Is one set of ratings enough for ABS?

4 min read
Americas
Joy Wiltermuth

When Tesla packaged its car leases into bonds for the first time in February, it took the unusual step of securing ratings from only one agency.

ABS issuers typically always sought ratings from at least two of the Big Three credit rating companies - Moody’s, S&P and Fitch - to try to cast the widest net for potential buyers.

But as investors have taken on more of the research functions they delegated to the agencies before the crisis, many borrowers now sell securitisations with just one set of ratings.

Tesla certainly had no trouble, getting final books close to US$4bn for a US$546m deal only rated by Moody’s, making it one of the most popular debuts since the crisis.

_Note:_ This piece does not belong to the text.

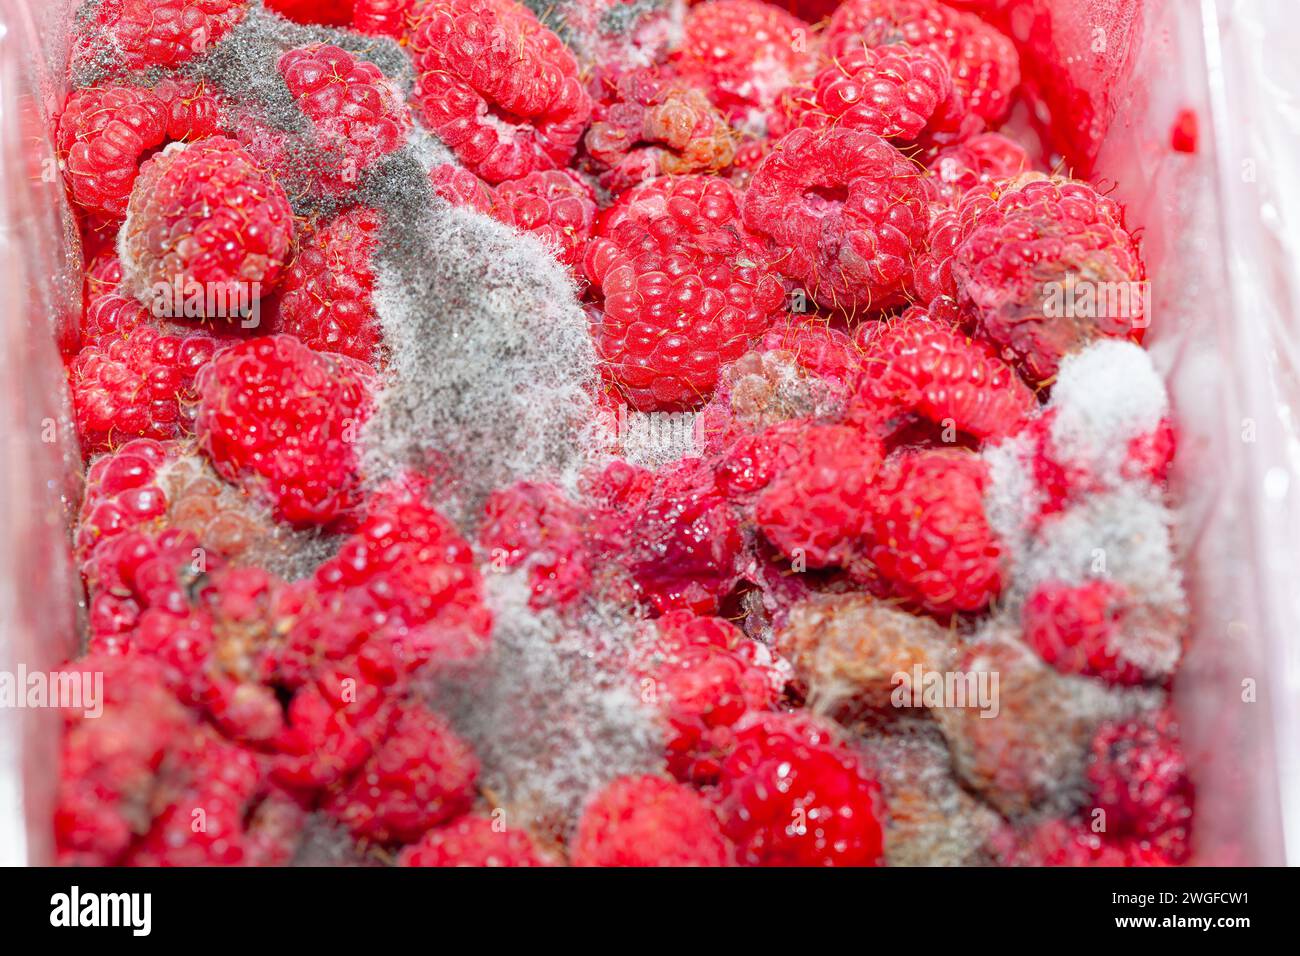 Raspberries with mold macro background, selective focus Stock Photo

“We don’t rely on rating agencies to do our credit work,” said John Kerschner, head of US securitised products at Janus Henderson Investors and a buyer of the Tesla bonds.

“There is always risk with a new story, but we felt we were being compensated.”

He met with Tesla officials to conduct his own due diligence at an industry conference, and came away impressed enough to buy into the deal.

As JP Morgan analysts put it, the trade carried a “newness” concession and priced more like a risky subprime deal than a prime trade whose leases carried high 767 average credit scores.

“It’s different risk, but at similar spreads I’d rather be investing in Tesla paper,” Kerschner said.

MAKING HEADWAY

The Big Three of course still dominate the overall business of rating bonds, but smaller firms have made “significant” inroads in asset-backed trades, the SEC said in its most recent annual report on credit ratings.

Smaller names such as DBRS, Kroll Bond Rating Agency and Morningstar had rated 12.5% of the asset-backed market as of December 2016, the report said.

This has been especially notable for lenders that have been using the ABS market to fund businesses from student loans to solar panels.

In a departure from the past, many such deals in the previous six months were vetted by the smaller agencies - and almost a third came with just one set of ratings.

Global Jet Capital came to market in October with its debut aircraft deal, a US$1.5bn offering that carried just Single A and Triple B investment-grade ratings from KBRA.

The buyside pushed back hard against the trade - both the type of collateral and the revolving master trust format were seen as riskier than on typical aircraft deals.

Fitch even took the unusual step of offering an unsolicited opinion, saying the deal did not meet its investment-grade criteria.

But when the deal was restructured in February, it was a smash hit with investors - and still only carried ratings from Kroll.

ONE AND DONE?

Only time will tell if ratings issued by insurgent companies hold up better than those issued by the Big Three in the run-up to the financial crisis.

But as smaller firms have gained prominence, more investors have amended their investment criteria to buy bonds carrying a broader range of ratings.

“The number of accounts who can buy other than the Big Three has grown to probably 90 or 100 versus a dozen or so when Kroll first started out [in 2010],” one ABS banker told IFR.

While investors now put less weight on ratings in their own risk-vetting process, though, not everyone views the trend of solo ABS ratings as a positive development.

“When you leave rating agencies out, it’s usually for a reason,” said Gil Libling, a senior portfolio manager at Semper Capital Management.

“The investment environment is such that more information is always better, not less.”